Her response to these reverses is pathological and makes no sense on the face of it. She decides for some reason to make up a story about herself being a victim of an attack on the train, saying she was the victim of an anti-semitic attack by several youths since they found a card in her purse with "Bleistein" on it. She is not herself Jewish. She duly reports this to the police, and it causes a sensation. Even the President of France calls to offer his sympathy. However there is a problem of course. It never happened, and in the search for the perpetrators and reviewing the security tapes on the trains, it becomes clear that she is lying.
![]() | |
| Bleisten, the lawyer. |
At the Bleistein country home she is confronted and eventually agrees that she has lied.
Mr. Bleistein helps her draft a statement of apology, and she turns herself in to the police. She is given six months for making false statements to the police, but is detained only 48 hours while getting the rest of the time as probation, with the agreement to get some psychological counseling.

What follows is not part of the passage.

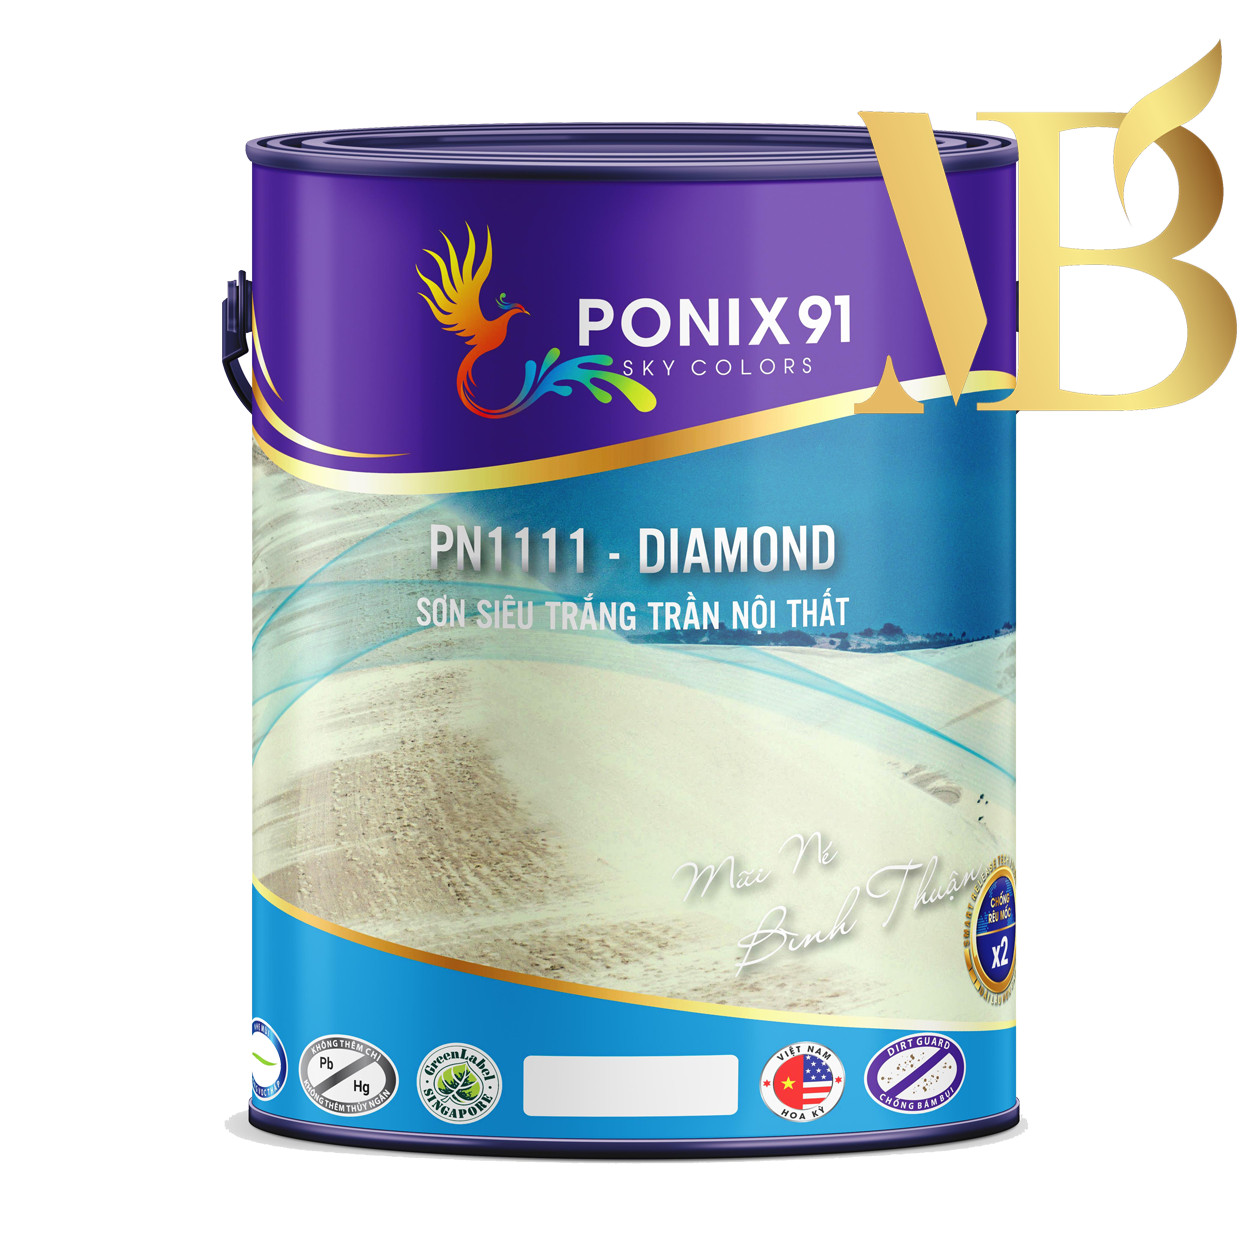 SƠN SIÊU TRẮNG TRẦN NỘI THẤT PONIX91 - PN1111 - DIAMOND

After that she is, again seen roller blading through life, riding a train. It seems that very little has changed in her internal landscape. The lawyer, Bleistein, seizes the opportunity to write a book about the scandal caused. He is seen meeting with Franck, who is serving his prison sentence, and getting background information from him. Nathan sends Jeanne a love letter, although at 13 he's a bit young for her.
At which I wonder at what I just saw. It seems to be an illustration of how some people, and especially Jeanne just drift through life without giving anything much thought. The story is unfocused, much as much of what happens to each of us in life is unfocused, with things happening to us which in the final analysis don't amount to much. It is as though we are overhearing a conversation or events on a train, not knowing either the beginning of the end of someone else's personal drama.
I guess it was a satisfying film in that it kept me watching it. All these people are living their own lives and the wheels are turning in ways that maybe only they or only a small circle of people realize. Like the moon on a cloudy night, most people are only visible in those moments when the clouds have passed, and their lives remain something of a mystery.